Use this to deduce the inequalities

    \[ e n^n e^{-n} < n! < e n^{n+1} e^{-n} \]

by taking f(x) = \log x.


Proof. Since f(x) is increasing we know f([x]) \leq f(x) \leq f([x+1]) (where [x] denotes the greatest integer less than or equal to x) for all x \geq 1. Define step functions s and g by

    \[ s(x) = f([x]), \qquad t(x) = f([x+1]). \]

Then s and t are constant on the open subintervals of the partition

    \[ P = \{ 0,1,2, \ldots, n \}. \]

So,

    \begin{align*}  \int_1^n s(x) \, dx = \sum_{k=1}^{n-1} s_k (x_k - x_{k-1}) = \sum_{k=1}^{n-1} f(k) \\[9pt]  \int_1^n t(x) \, dx = \sum_{k=1}^{n-1} t_k (x_k - x_{k-1}) = \sum_{k=1}^{n-1} f(k+1) = \sum_{k=2}^n f(k). \end{align*}

Since f is integrable we must have

    \[ \int_1^n s(x) \, dx \leq \int_1^n f(x) \, dx \leq \int_1^n t(x) \, dx \]

for every pair of step functions s \leq f \leq t. Hence,

    \[ \sum_{k=1}^{n-1} f(k) \leq \int_1^n f(x) \, dx \leq \sum_{k=2}^n f(k). \qquad \blacksquare \]

Next, if we take f(x) = \log x (which is nonnegative and increasing on x \geq 1) we have

    \begin{align*}  &&\sum_{k=1}^{n-1} \log k \leq \int_1^n \log x \, dx \leq \sum_{k=2}^n \log k \\[9pt]  \implies && \log(n-1)! \leq n \log n - n + 1 \leq \log n! \\[9pt]  \implies && (n-1)! \leq e n^n e^{-n} \leq n!. \end{align*}

From this we then get two inequalities

    \[ n! \leq en^{n+1} e^{-n} \quad \text{and} \quad e n^n e^{-n} \leq n!. \]

Therefore,

    \[ en^n e^{-n} \leq n! \leq e n^{n+1} e^{-n}. \]

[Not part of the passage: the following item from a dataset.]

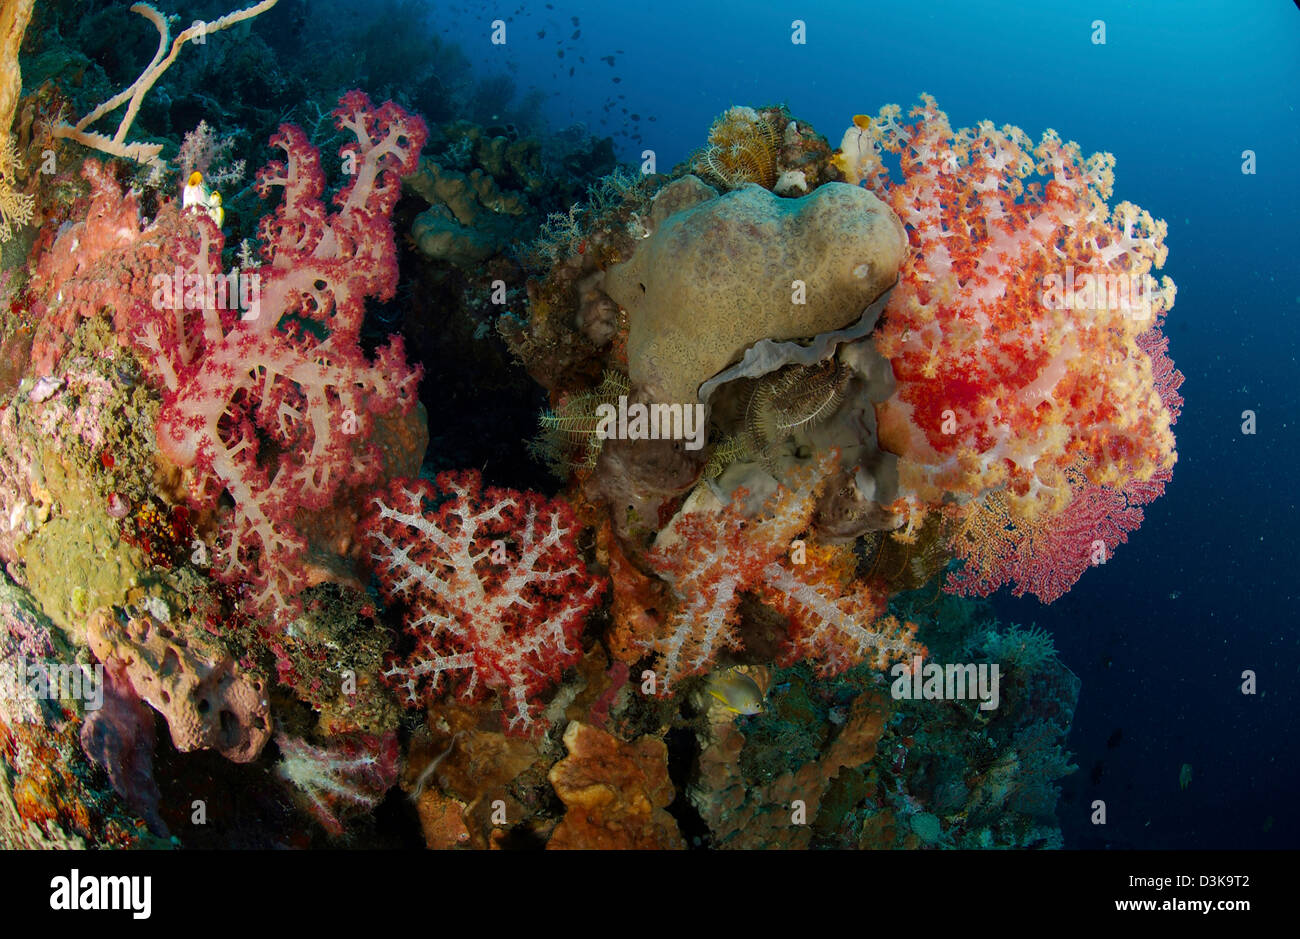 Reef scene with gorgonian sea fans and soft corals, North Sulawesi, Indonesia. Stock Photo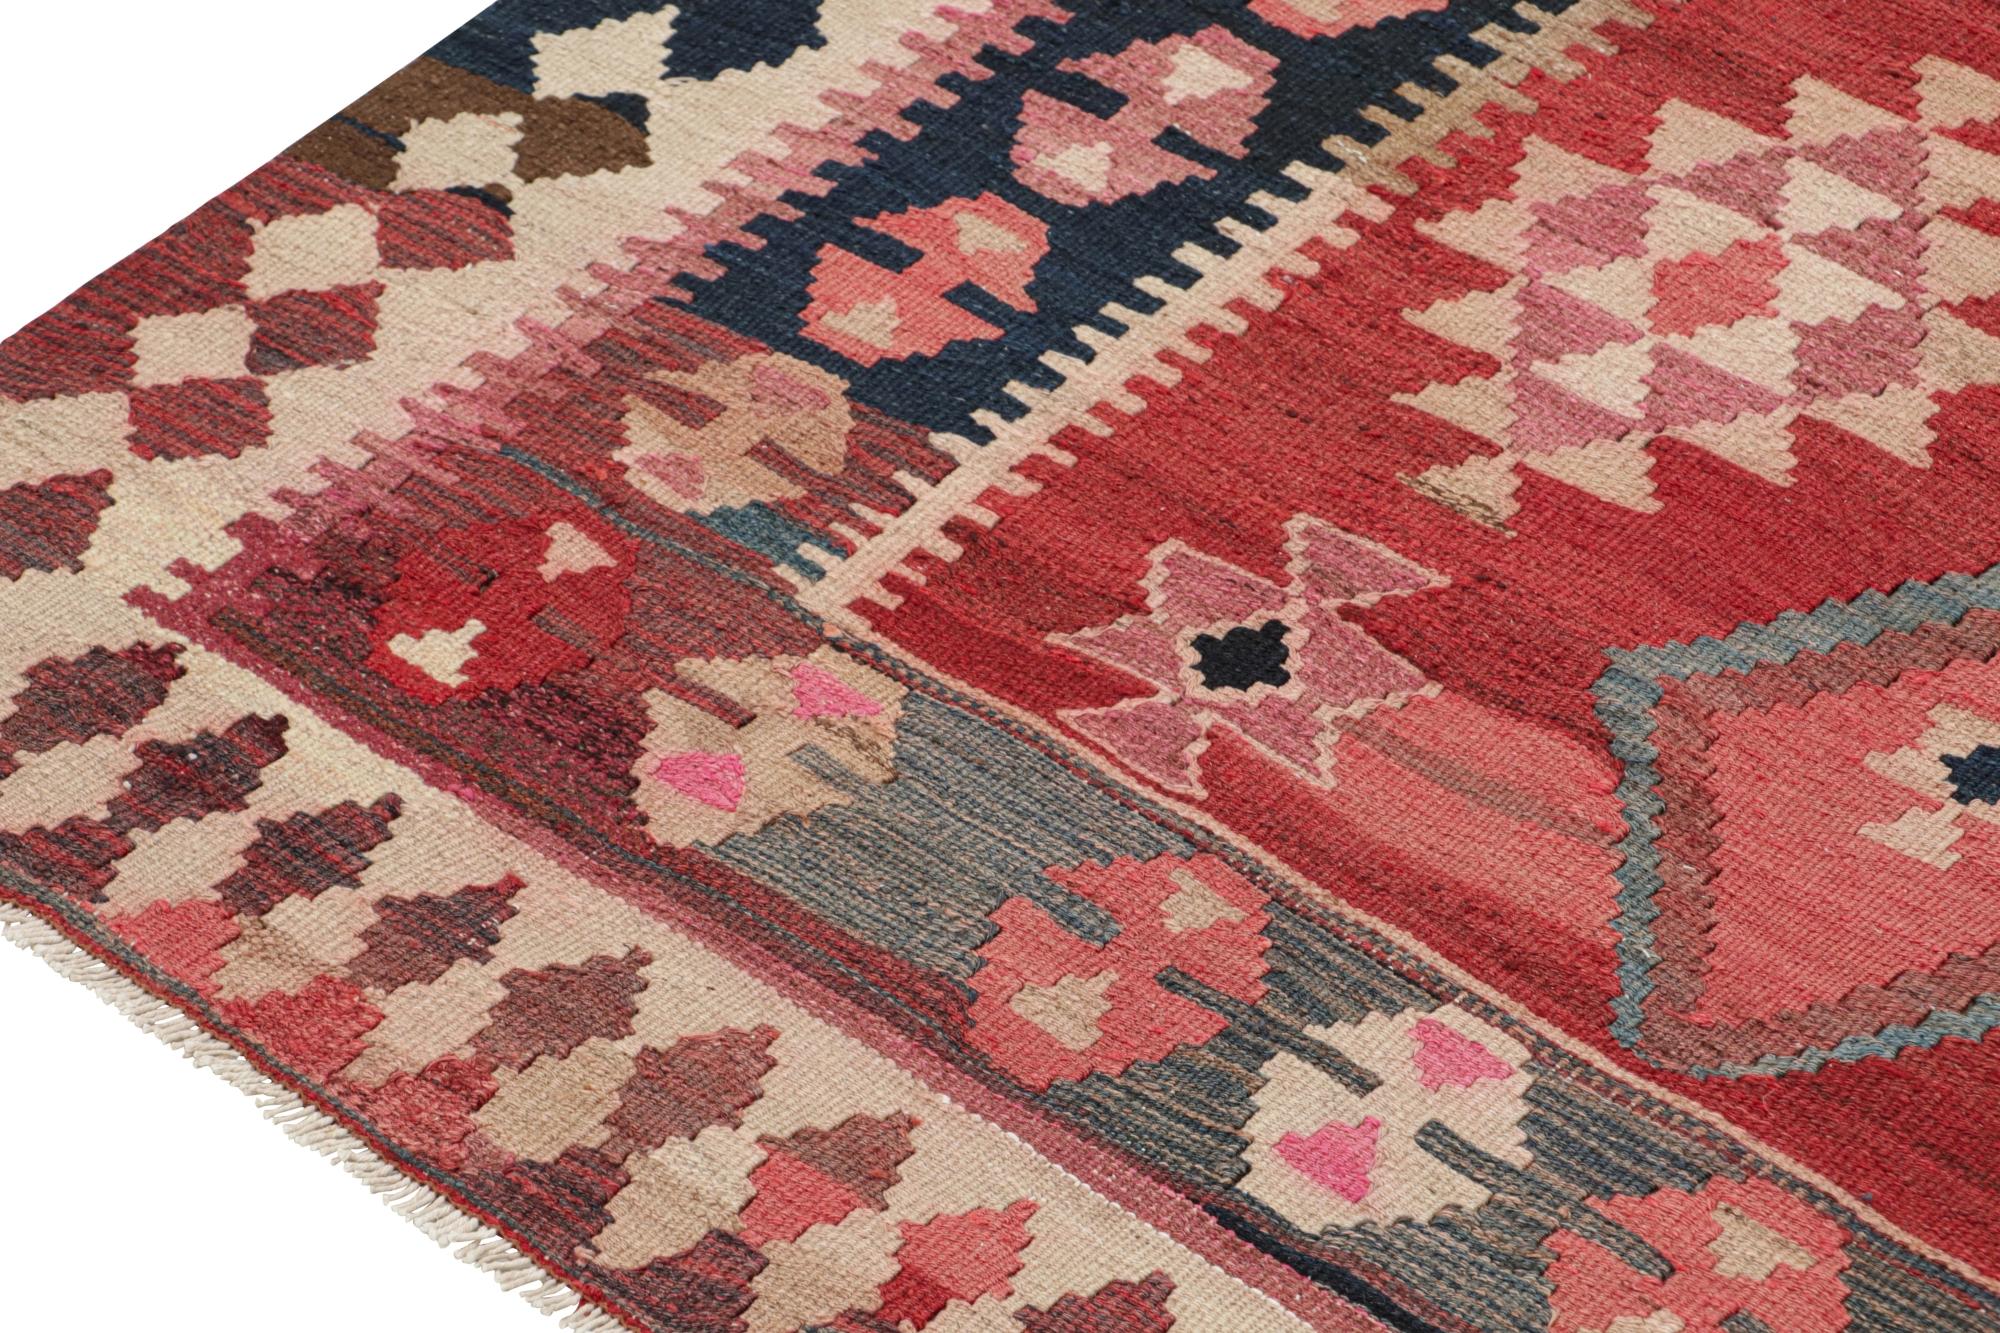 Mid-20th Century Vintage Shahsavan Persian Kilim in Red, Blue & Pink Patterns For Sale

Prove some statements about integrals of bounded monotonic increasing functions

Consider a bounded, monotonic, real-valued function f on the interval [0,1]. The define sequences

    \[ s_n = \frac{1}{n} \sum_{k=0}^{n-1} f \left( \frac{n}{k} \right), \qquad t_n = \frac{1}{n} \sum_{k=1}^n f \left( \frac{k}{n} \right). \]

  1. Prove that

        \[ s_n \leq \int_0^1 f(x) \, dx \leq t_n \]

    and that

        \[ 0 \leq \int_0^1 f(x) \,dx - s_n \leq \frac{f(1) - f(0)}{n}. \]

  2. Prove that the two sequences \{ s_n \} and \{ t_n \} converge to \int_0^1 f(x) \, dx.
  3. State and prove a generalization of the above to interval [a,b].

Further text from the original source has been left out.